# A/B Test Reporting in Looker

One of the Data team’s priorities this year has been improving the Kickstarter A/B testing process. To this end, I’ve been been focused on making it easier to set up, run, and analyze experiments. This will make it more likely we'll use data from experiments to inform product design.

Until recently, we monitored A/B tests in an ad hoc way. We use our event tracking infrastructure to log A/B test data, so while a test was running, a Product Manager or Data Analyst watched the number of users in the experiment's event stream until it reached the required sample size. At that point, we ran the numbers through an R script and sent out the results.

# Enter Looker

Kickstarter recently adopted a business intelligence tool called Looker to support data reporting and ad hoc analysis. Looker connects directly to our Redshift cluster, which is where we store the raw event data from our A/B tests. This made me wonder whether we could use Looker to monitor experiments and report results.

One feature of Looker we like is the ability to save and schedule queries, with the results delivered via email. If we could find a way to analyze A/B tests via SQL, then Looker could handle the rest.

# Back to School

How can we do statistics in SQL without access to probability distributions? There are methods for generating normally distributed data in SQL, but this approach seems like overkill. We don't need to recreate a standard normal distribution on the fly. The values don't change.

My aha moment was remembering my old statistics textbooks with look-up tables in the back. By adding look-up tables for probability distributions to Redshift, we can get good approximations of power, p-values, and confidence intervals for the typical A/B tests we run. Although this means we're simulating a continuous distribution with a discrete one, we don't rely exclusively on p-values to interpret our tests, so a difference of a few thousandths of a point won't make much difference.

# The Nitty Gritty

As an example, I'm going to use a common type of test we run — a hypothesis test of the difference of two proportions. (If you'd like to learn more about the statistics behind this test, this is a good place to start).
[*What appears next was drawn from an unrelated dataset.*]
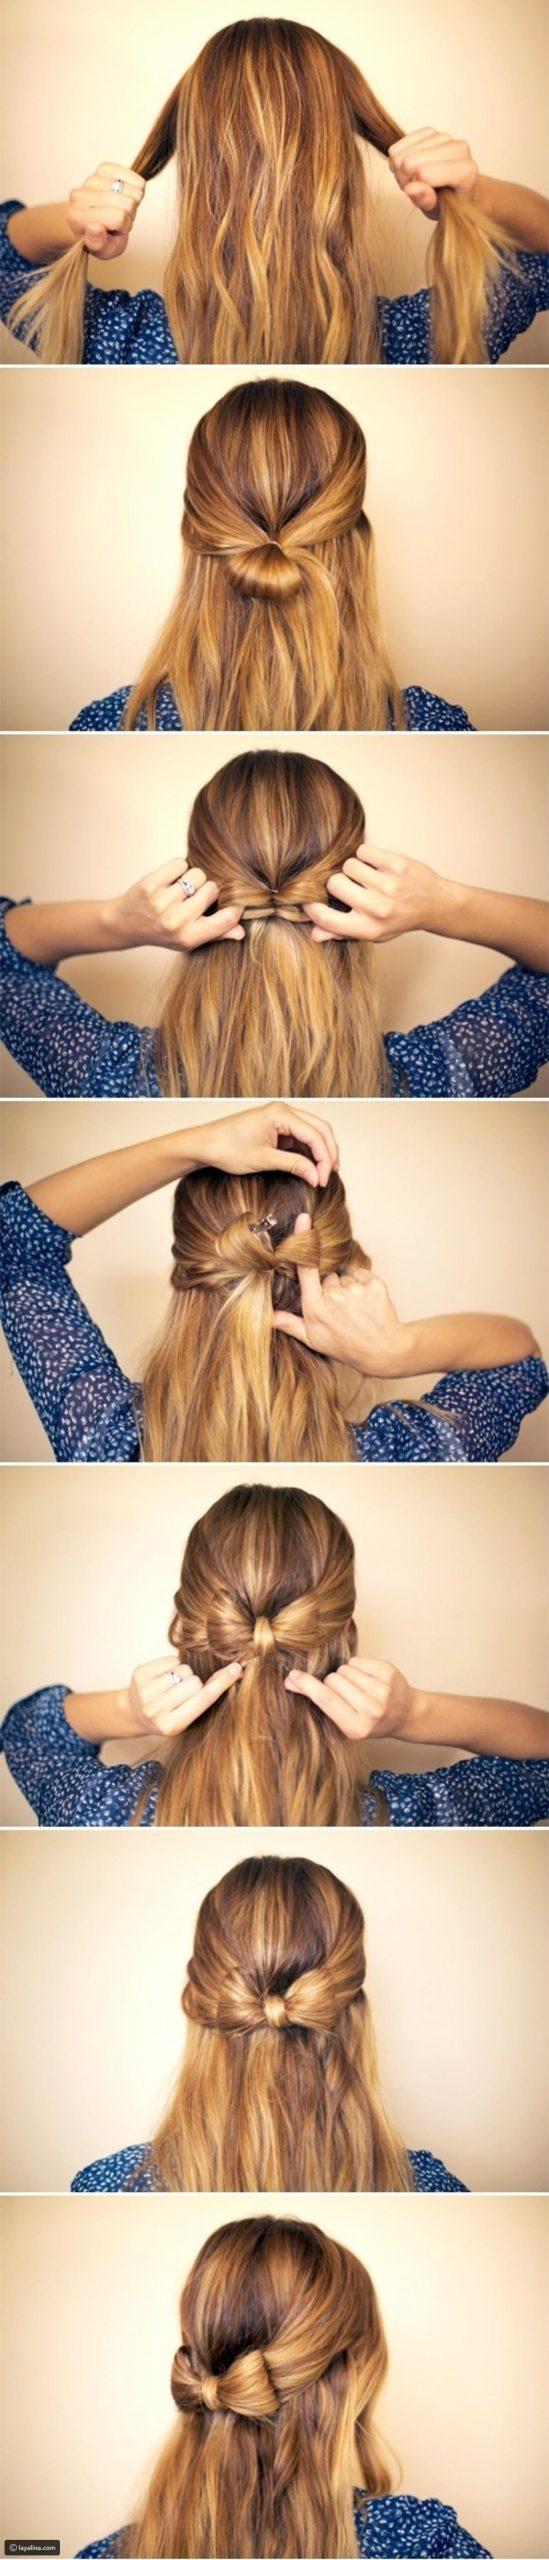 Χτένισμα για την Πρωτοχρονιά με φιογκάκι στα μαλλιά
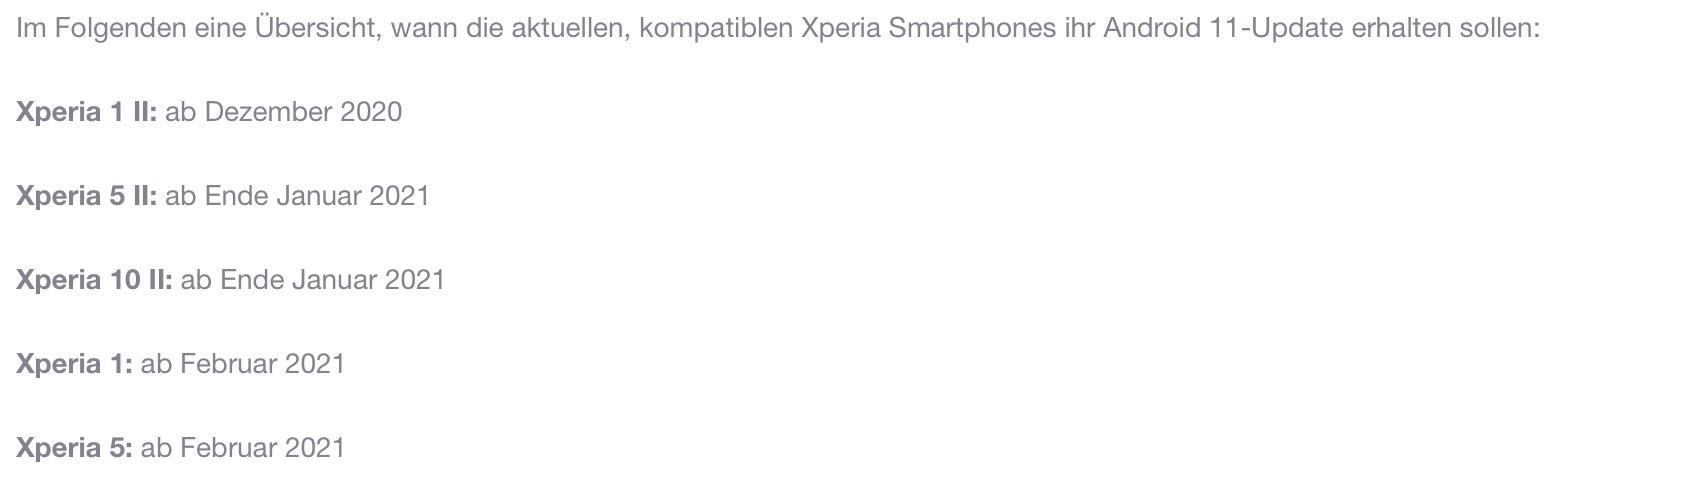 索尼 Android 11 OTA 更新最快本月推出

To make this concrete, let's say we're testing a new design of the Discover page, and we want to know whether it affects the number of users clicking through to project pages.

To generate a test statistic for this type of test, we need a standard normal distribution. I generated a set of z-scores and their probabilities in R and loaded this into Redshift as `standard_normal_distribution`

.

The table looks something like this:

z_score | probability |
---|---|

0 | 0.5 |

0.0000009999999992516 | 0.50000039894228 |

0.00000199999999939138 | 0.500000797884561 |

0.00000299999999953116 | 0.500001196826841 |

0.00000399999999967093 | 0.500001595769122 |

0.00000499999999981071 | 0.500001994711402 |

0.00000599999999995049 | 0.500002393653682 |

0.00000700000000009027 | 0.500002792595963 |

0.00000799999999934187 | 0.500003191538243 |

0.00000899999999948164 | 0.500003590480523 |

0.00000999999999962142 | 0.500003989422804 |

0.0000109999999997612 | 0.500004388365084 |

0.000011999999999901 | 0.500004787307365 |

0.0000130000000000408 | 0.500005186249645 |

0.0000139999999992924 | 0.500005585191925 |

In the sections below, I'll use the output of that query to calculate the sample proporution, standard error, and other sample statistics using subqueries called common table expressions (CTEs). If you aren't familiar with this flavor of SQL syntax, you can think of CTEs as forming temporary tables that can be used in subsequent parts of the query.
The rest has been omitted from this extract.